Specializes in PICU, NICU, L&D, Public Health, Hospice.

I am not an advocate of pairing FT oncall with PT case management, when there is a choice.

PT case management with SOCs, and shared oncall, maybe.

In my view, if a person is working FT oncall, their option should be to pick up cases to support the case managers when they are available and need to fill hours.

Thank you for replying - I am going to case manage 7 patients and as far a I know there is no call requirement. I am just not sure how much time case managing 7 patients will take. I'm assuming a few days/wk.

Specializes in PICU, NICU, L&D, Public Health, Hospice.
Thank you for replying - I am going to case manage 7 patients and as far a I know there is no call requirement. I am just not sure how much time case managing 7 patients will take. I'm assuming a few days/wk.

What are you referring to by posting FT call in your original post? In my experience, that is being on call from 5p to 8a everyday with some weekend coverage built in. Is that not the case with a FT call position for this agency?

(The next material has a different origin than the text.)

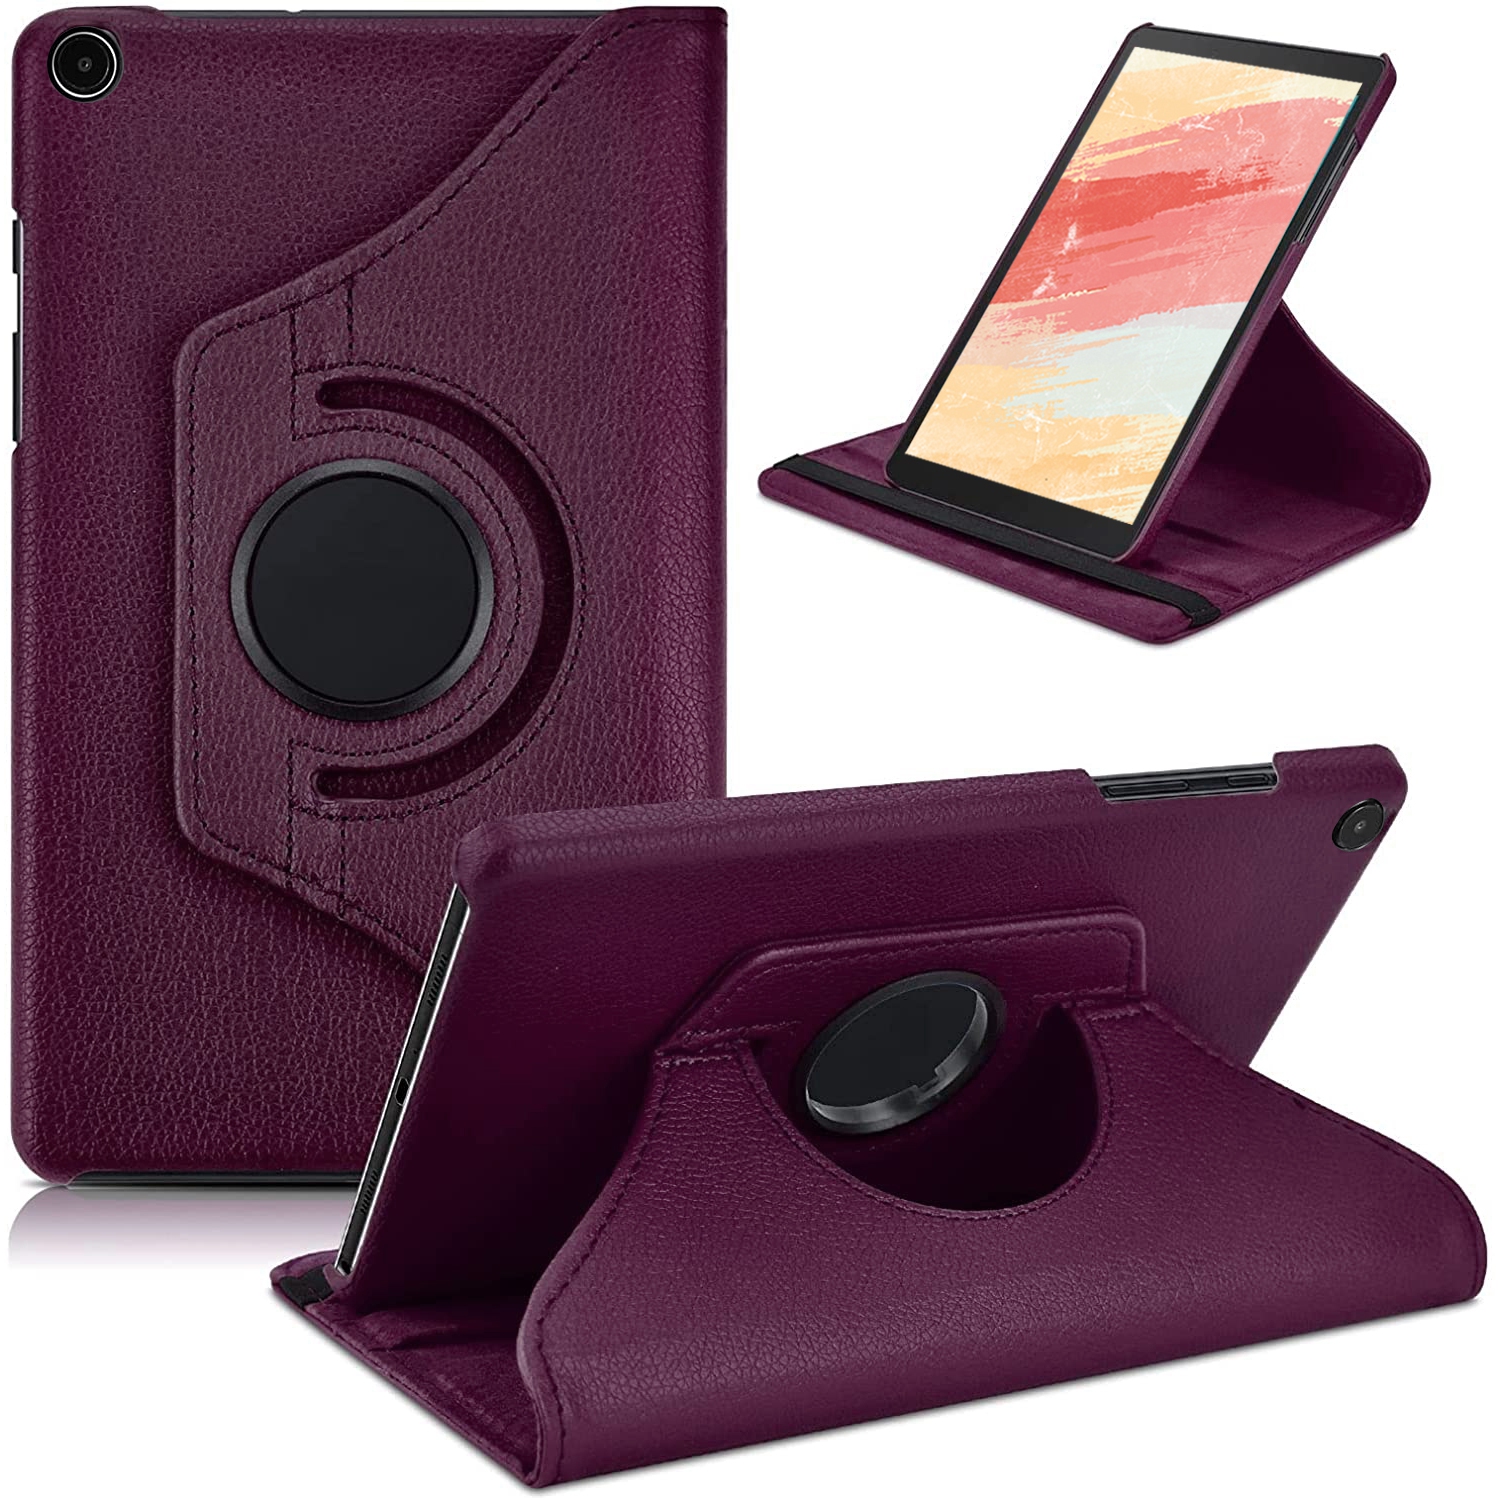 XCRS 360° Swivel Rotating Case for Samsung Galaxy Tab A8 10.5 inch 2022, (Model SM-X200/SM-X205) Multi-Angle Viewing Stand, PU Leather Cover, with Protective Elastic Strap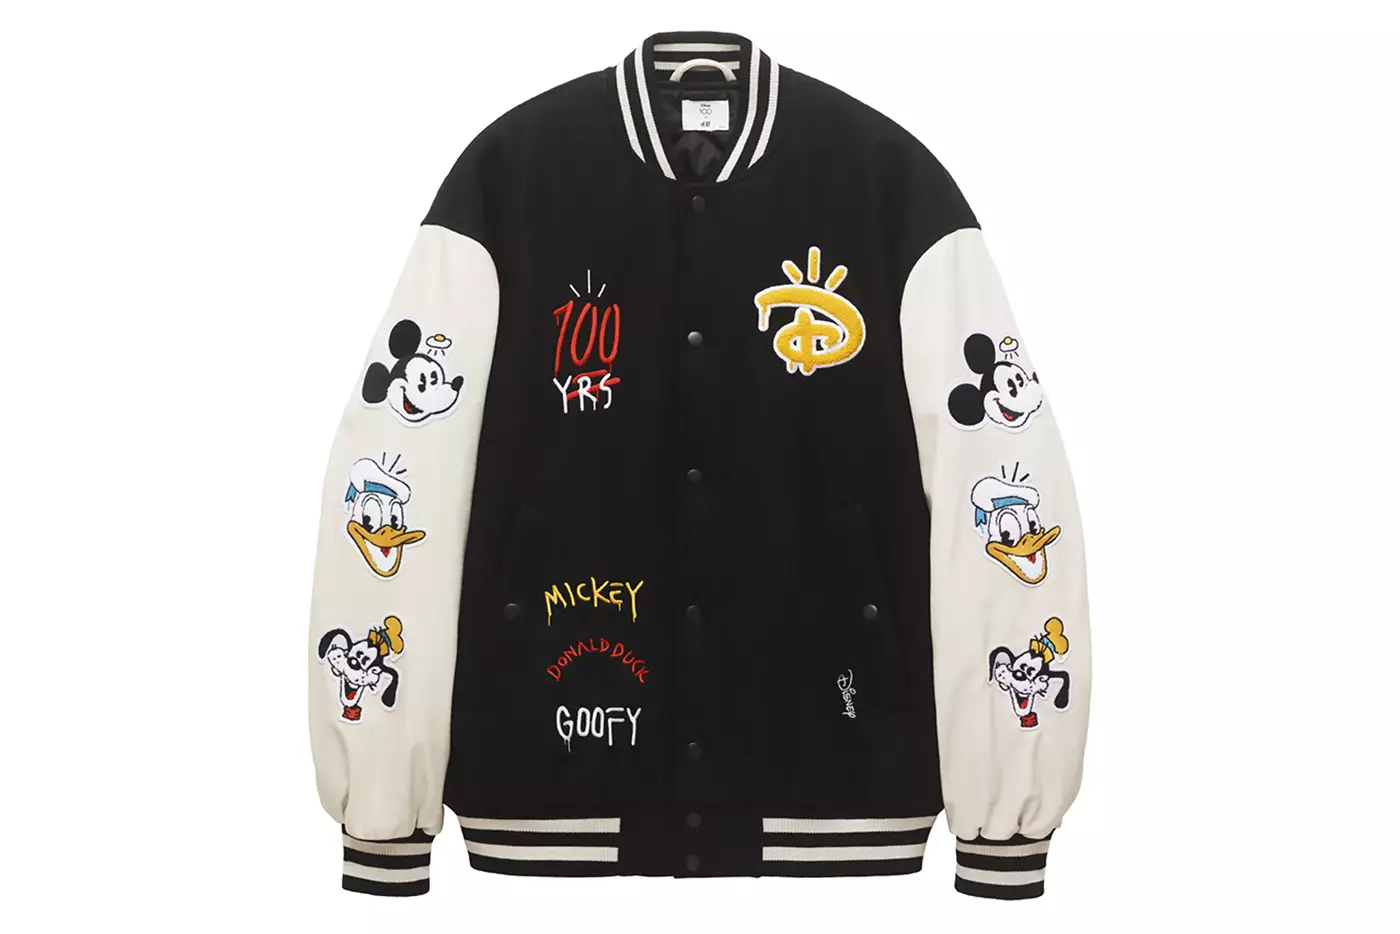 H&M x GucciGhost - Disney 100th Anniversary Collection

FT call was going to be 5p-8a and every other weekend..they wanted this PLUS case managing 6-7 pts. and make it a salaried position. I told them no - that was too much - at least for me. So they asked me if I would case manage the 6-7 pts because other RN wanted to take only call - so the agreement was she will do all the call, there are FT RN's that are case managing 15-18 then I would case manage part time the 6-7.

Specializes in PICU, NICU, L&D, Public Health, Hospice.

That is doable, IMHO

The number of pt's one can case manage depends on the patient acuity. If I have some really sick patients who take a long time, I could not case manage 7 patients. Will that hospice take that into account? How about drive time? There are so many variables out there - a number isn't a good way to look at things. I work 3.2 days per week - this includes IDT - and generally I case manage 4-6 patients. But, I often have the patients that live far away and/or have very high acuity.